USA

Harmon Craig

1998 Balzan Prize for Geochemistry

A pioneer in earth sciences, Harmon Craig has used the varied tools of isotope geochemistry to solve problems of fundamental scientific importance and immediate relevance in the atmosphere, hydrosphere, and solid earth.

Harmon Craig (1926-2003) contributed significantly and fundamentally to solving a broad range of geochemical problems which bear directly on our
understanding of the earth upon which we live, its origins and its response to anthropogenic changes.
He is singularly innovative in the use of isotopes in every area of geochemistry from meteorite studies through earth mantle processes influencing oceanography, atmospheric sciences, hydrology and glaciology.
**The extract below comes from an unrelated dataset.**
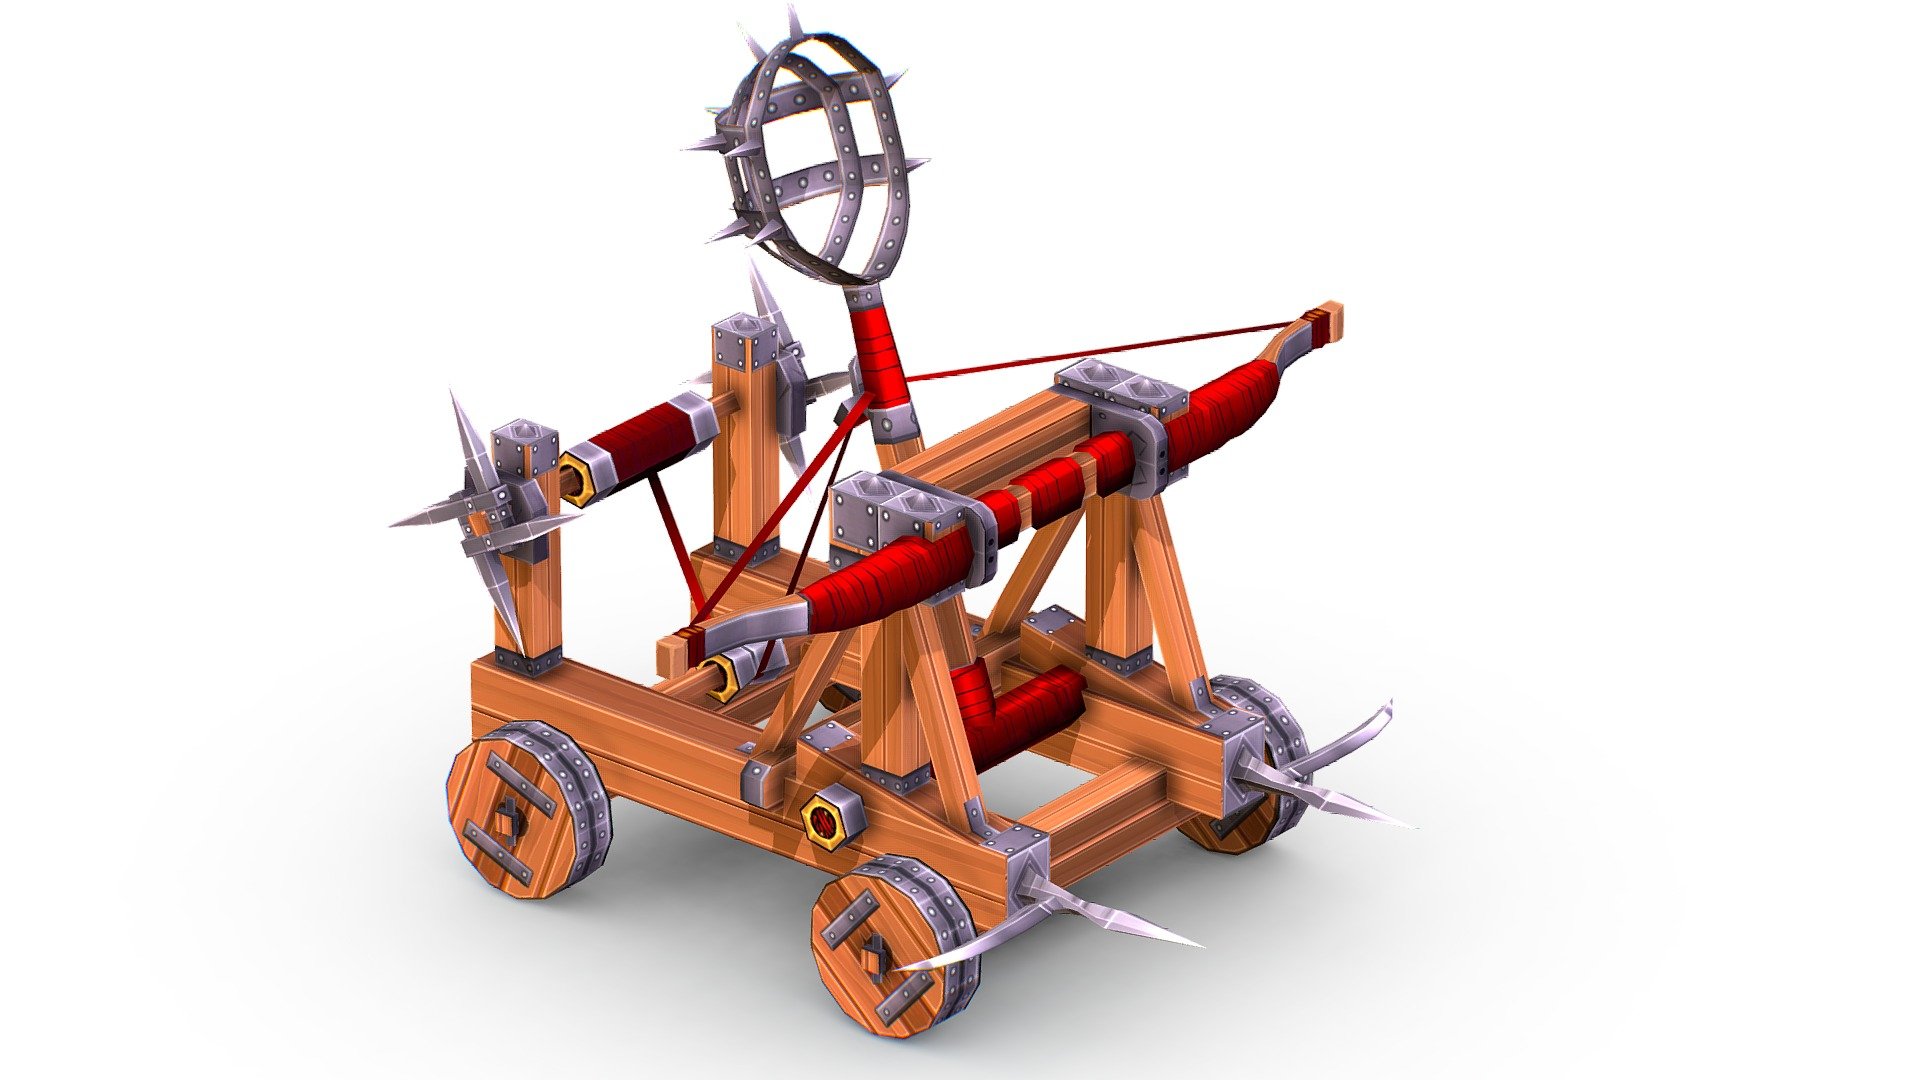 Handpaint Cartoon Medieval Catapult Siege Weapon - 3dsMax and Maya file included - Texture size 2048 color map 3d model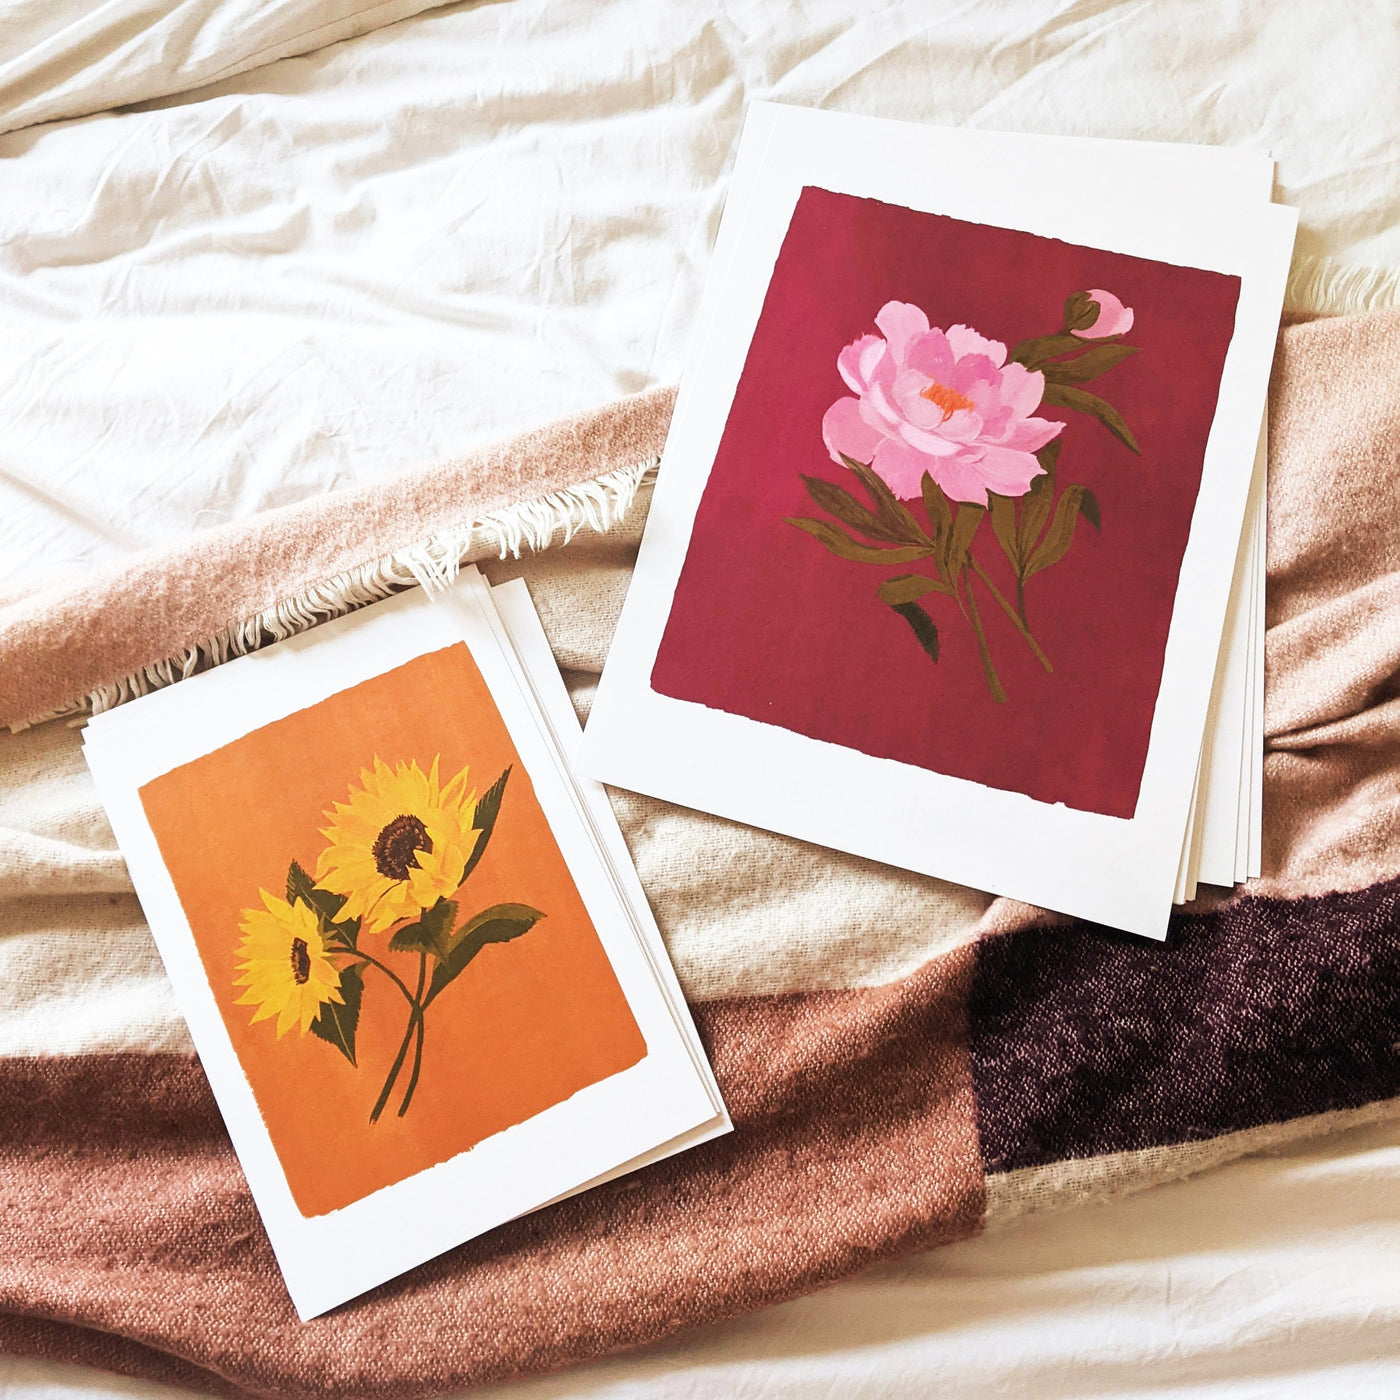 A Botanical Print Of A Pink Peony On A Burgundy Pink Background On A Blanket With A Sunflower Print - Annie Dornan Smith

As the father of the field of carbon isotope geochemistry he was the first to characterise the distribution of stable carbon isotopes in nature and also to quantify the atmospheric lifetime of carbon dioxide with respect to exchange with the sea, a parameter which is of crucial importance to all modern modelling of the effects of anthropogenic carbon dioxide on climate.
He was one of the pioneers of the systematic classification of meteorites according to their chemical composition and the co-originator of the Urey-Craig meteorite classifications, As one of the founders of stable isotope studies of water in the meteoric cycle he established fundamental relationships between temperature and stable isotopic composition which today form the basis for the study of paleoclimatology using stable isotopes in polar ice cores.

In marine geochemistry Harmon Craig was one of the initiators of the GEOSECS program, the first combined study of chemical tracers and hydrography in the word’s major oceans, which today provides an important benchmark for the study of global change and anthropogenic impacts on the oceans, In this area of research he did original work on the geochemical cycling of carbon, oxygen, and nutrients in the deep sea, on the scavenging of heavy metals therein, and on geochemical techniques to determine primary production rates in open ocean surface waters. Furthermore, he was a co-discoverer of the deep sea helium-3 isotope anomaly at seafloor spreading centres, but also at volcanic hot spots, rift zones and subduction volcanism.

In atmospheric geochemistry he was one of the first to study the composition of atmospheric gases frapped in glacier ice, and to determine that methane has roughly doubled due to anthropogenic activities. He has also made major contributions to the study of atmospheric nitrous oxide, the natural modulator of the earth’s ozone layer.
A common theme in his work is the combination of imagination, a strong commitment to field work and laboratory measurements of the highest standard, and a formidable thoroughness in the interpretation of the resulting data. Over the years, he has mentored a remarkable group of graduate and postdoctoral students who have become distinguished scientific leaders at a number of institutions around the world.